Языком межнационального общения в таких крупнейших многоязычных странах, как Индия и Нигерия, по всей вероятности, останется английский. Языковое будущее Индонезии и Филиппин, скорее всего, будет сопряжено с соперничеством английского языка с индонезийским и тагальским соответственно, а на Филиппинах, возможно, и с попытками возрождения испанского. В Индии крупнейшие местные языки сопоставимы по численности и культурному наследию, в связи с чем роль «официального вспомогательного языка» выполняет английский; схожей является и ситуация в ЮАР. Статус крупнейших языков Юго-Восточной Азии (вьетнамского, тайского, бирманского), скорее всего, существенно не изменится, но в случае усиления процесса глобализации явно будет усиливаться роль английского и, возможно, китайского. Знание французского языка во Вьетнаме вряд ли сохранится в сколько-нибудь значительном объеме.
Судьбы диалектов будут определяться противодействием двух тенденций: унифицирующим влиянием массовых коммуникаций, с одной стороны, и развитием местной идентичности и использованием диалектов как инструмента ее сохранения – с другой. Судя по нынешней динамике, в наиболее развитых странах вторая тенденция в результате сознательных усилий возьмет верх, а точнее, противостояние тенденций будет преодолено, и диалекты смогут не только сохраниться, но даже возродиться. Впрочем, здесь, как и в случае грамматики, прогноз затруднен разной скоростью развития процессов – на этот раз социолингвистических – в различных языках.
Формально-юридический статус языков в многонациональных и полиэтнических странах может быть каким угодно. Более того, могут быть придуманы новые обозначения, обусловленные социально-политической спецификой и ее идеологической рефлексией, но на реальное функционирование языков это не повлияет.

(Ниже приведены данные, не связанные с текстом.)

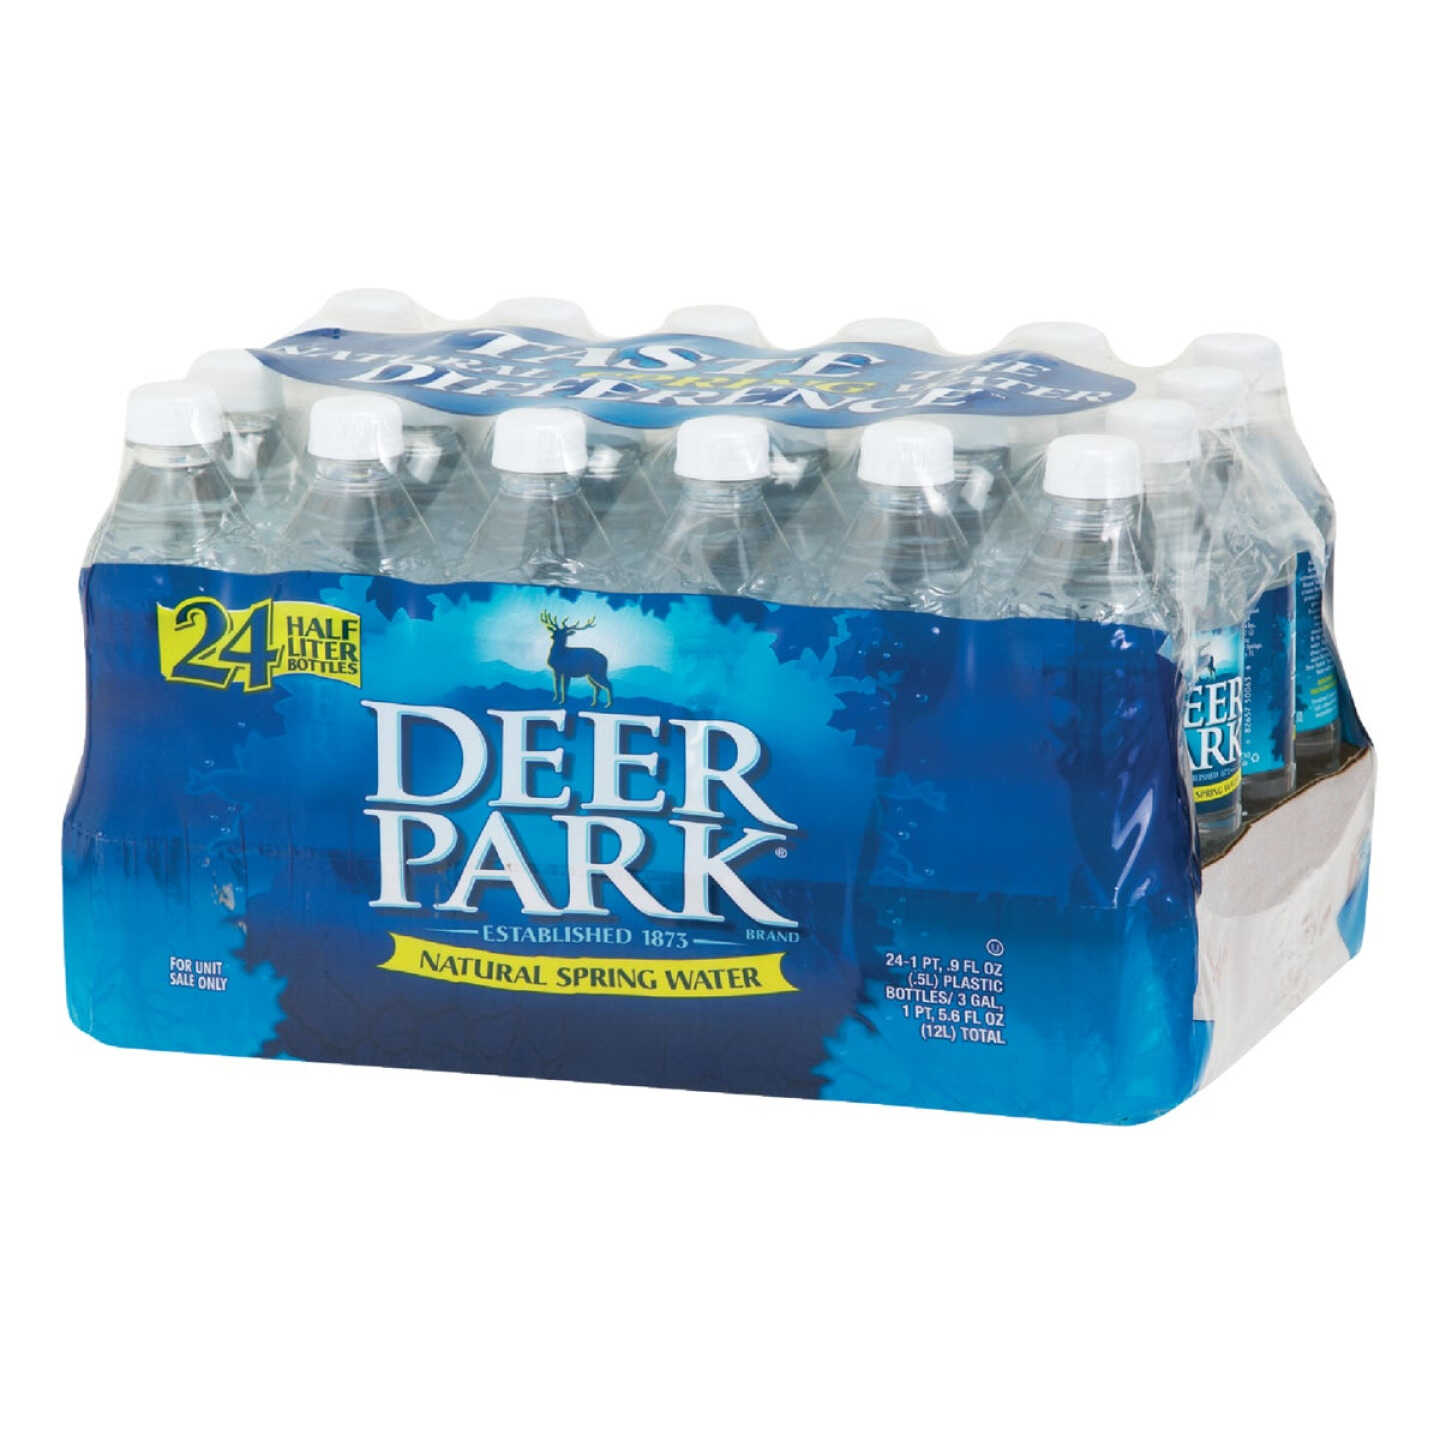 14-facts-about-deer-park-spring-water

Конечно, повлиять может языковая политика, но надо понимать, что это именно политика, предполагающая идеологическое обоснование и в то же время являющаяся «искусством возможного». Как и всякая политика, она способна значительно ускорить или замедлить процессы языкового развития в той мере, в какой будет согласовываться с другими факторами политического развития или противоречить им. Так, борьба с русским языком в некоторых постсоветских странах (например, в Грузии) оказалась небезуспешной, прежде всего, в силу изменения объективных потребностей в его изучении, а сохранение чистоты корейского языка в КНДР очевидным образом обусловлено закрытостью страны. Аналогичная борьба за чистоту французского языка, имеющая долгую историю, при мягкой административной поддержке всецело зависит от состояния общественного сознания во Французской республике.